### Exercise goal:
Write out each line below precisely, passing over the pictures.

### Supplied information:

* * *

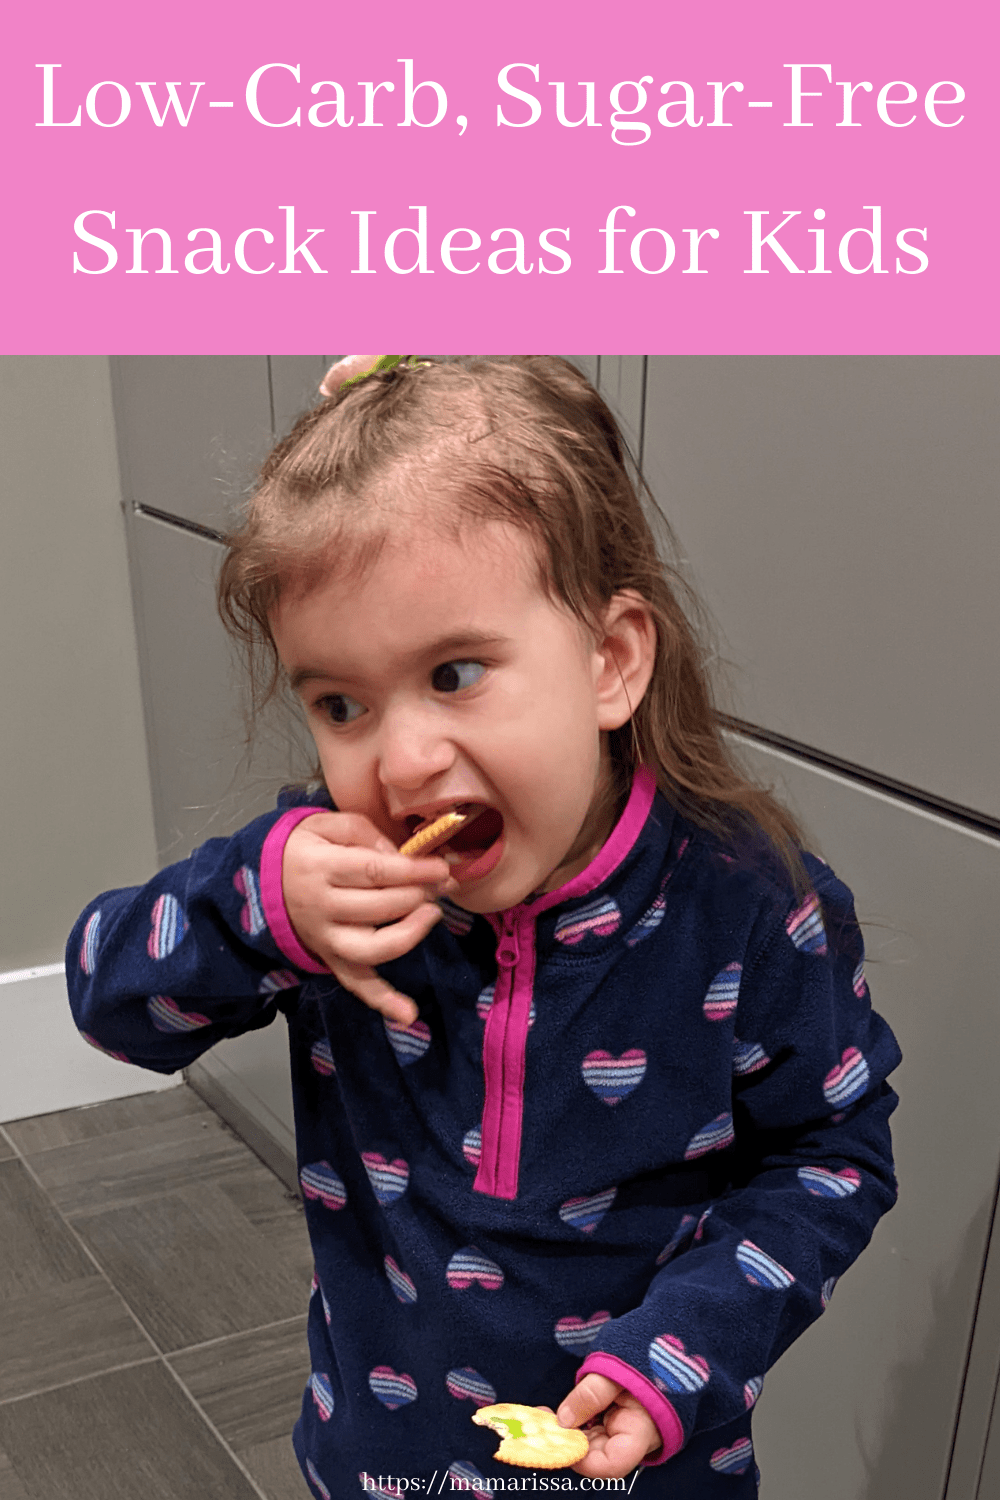 Low-Carb, Sugar-Free Snack Ideas for Kids
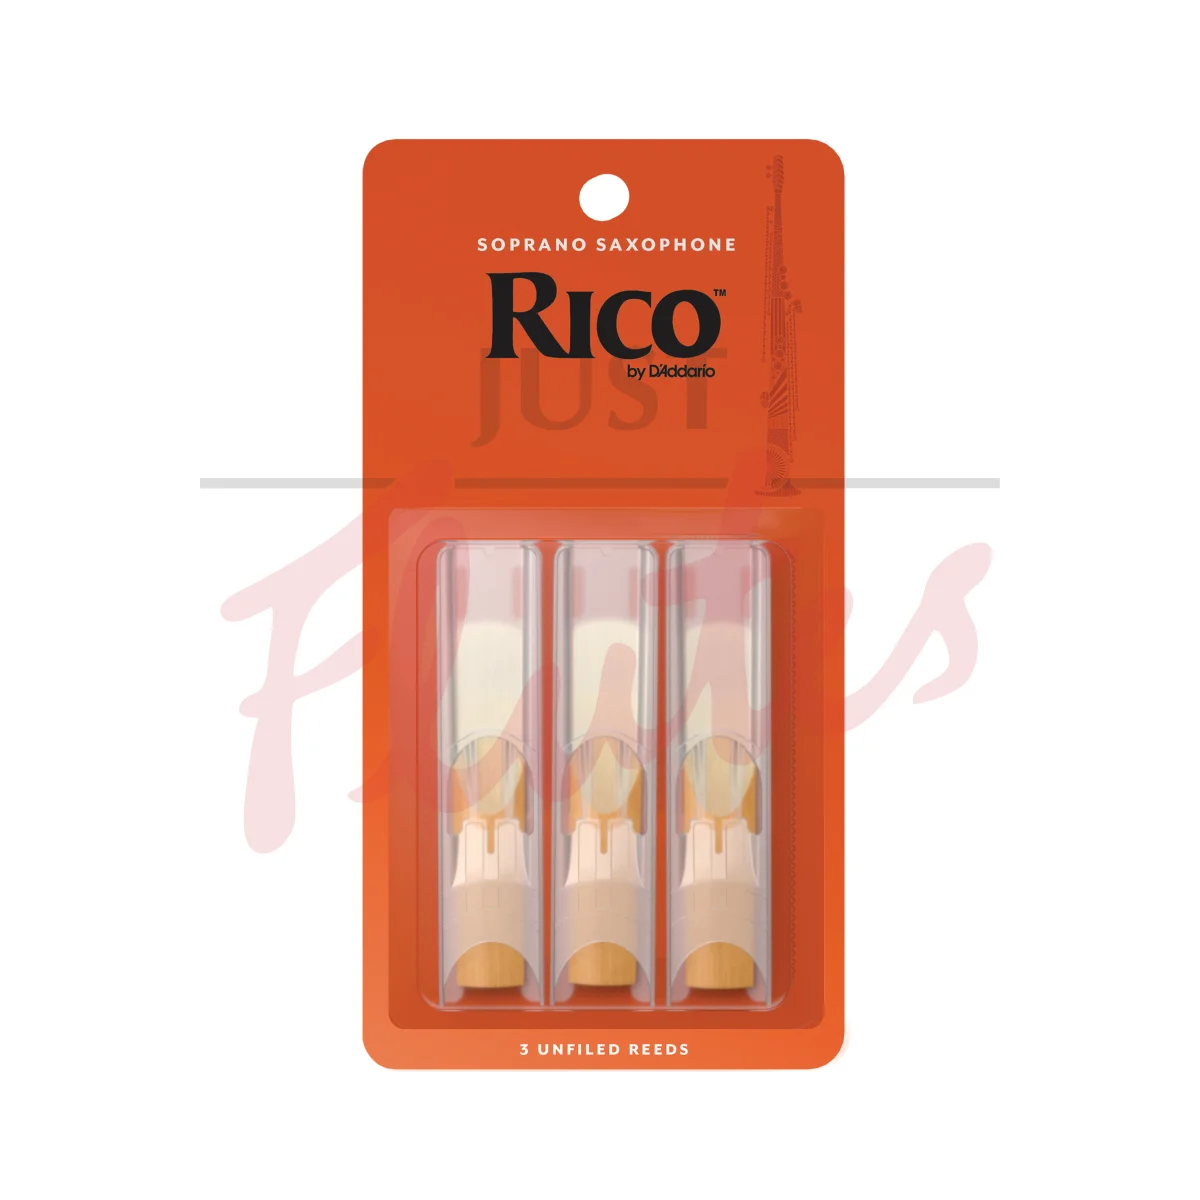 Rico by D'Addario RIA0315 Soprano Saxophone Reeds, Strength 1.5, Pack of 3
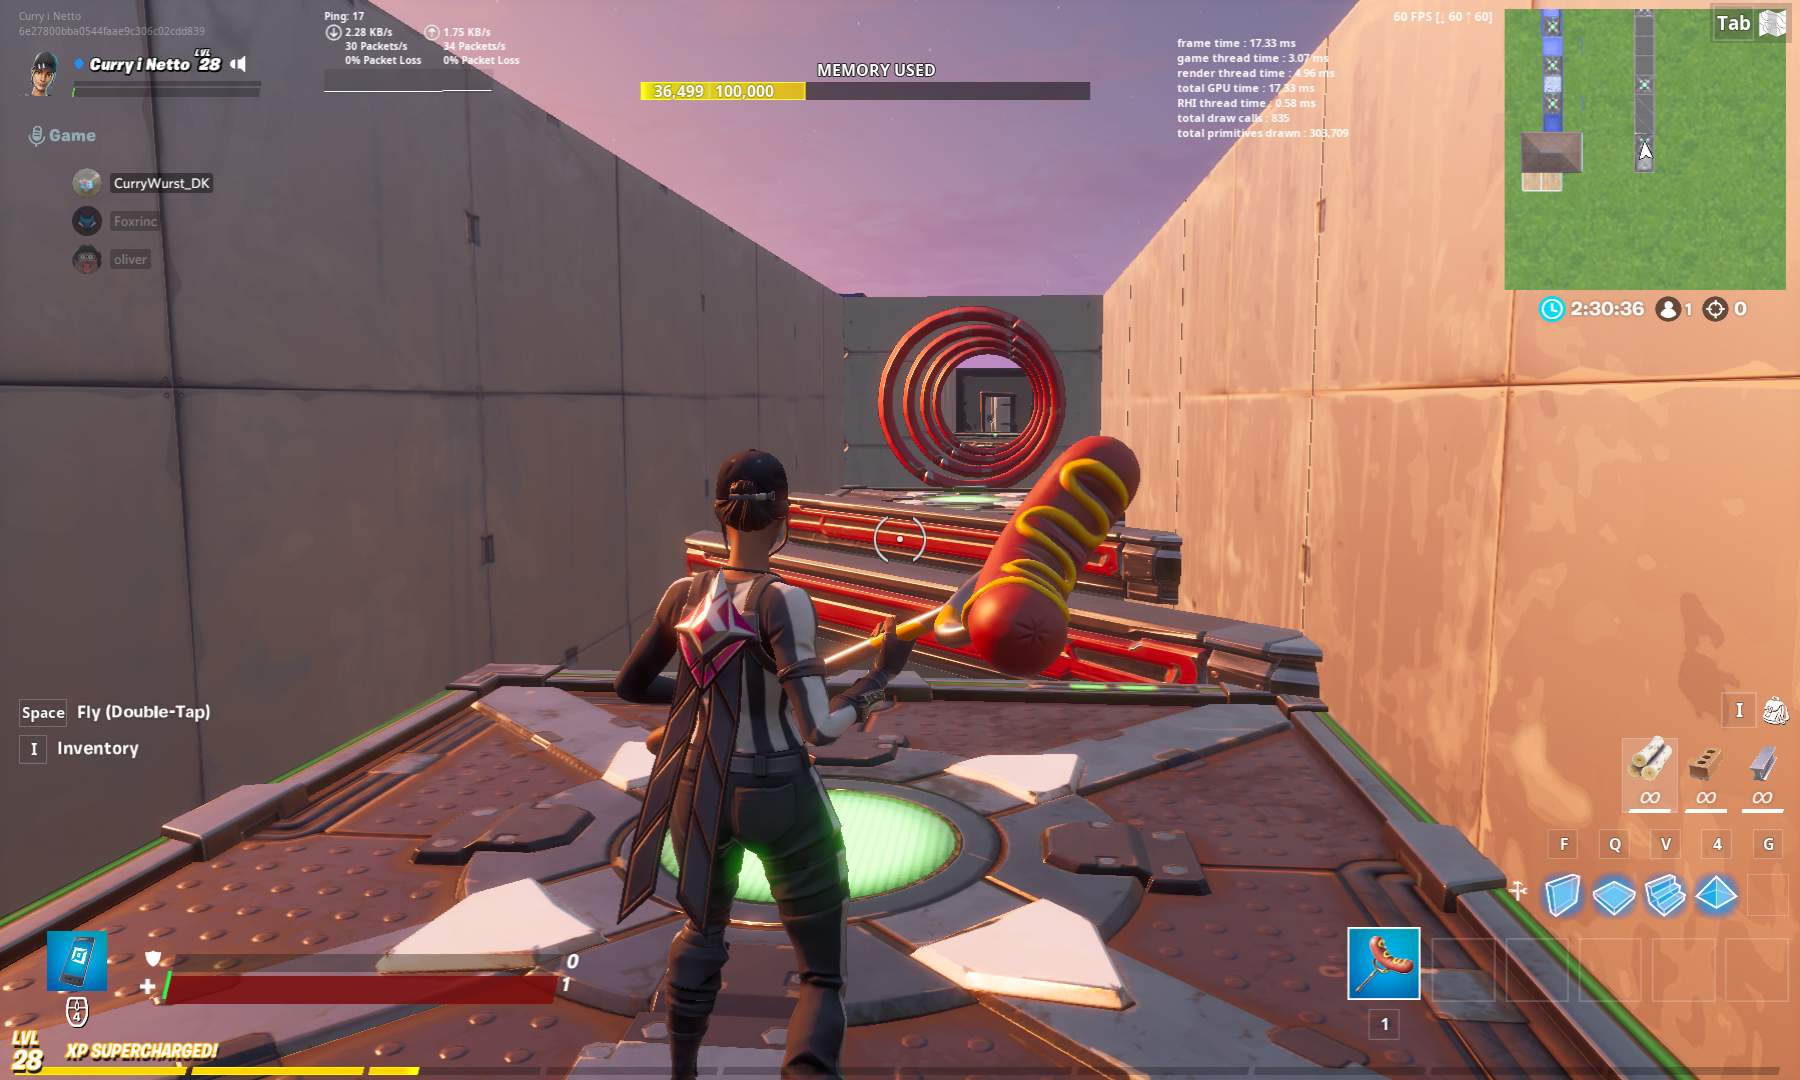 JEKYLL´S PARKOUR 2.0 [ jekyll_h_y_d_e ] – Fortnite Creative Map Code

* * *

### Output:
 Low-Carb, Sugar-Free Snack Ideas for Kids
 Rico by D'Addario RIA0315 Soprano Saxophone Reeds, Strength 1.5, Pack of 3
 JEKYLL´S PARKOUR 2.0 [ jekyll_h_y_d_e ] – Fortnite Creative Map Code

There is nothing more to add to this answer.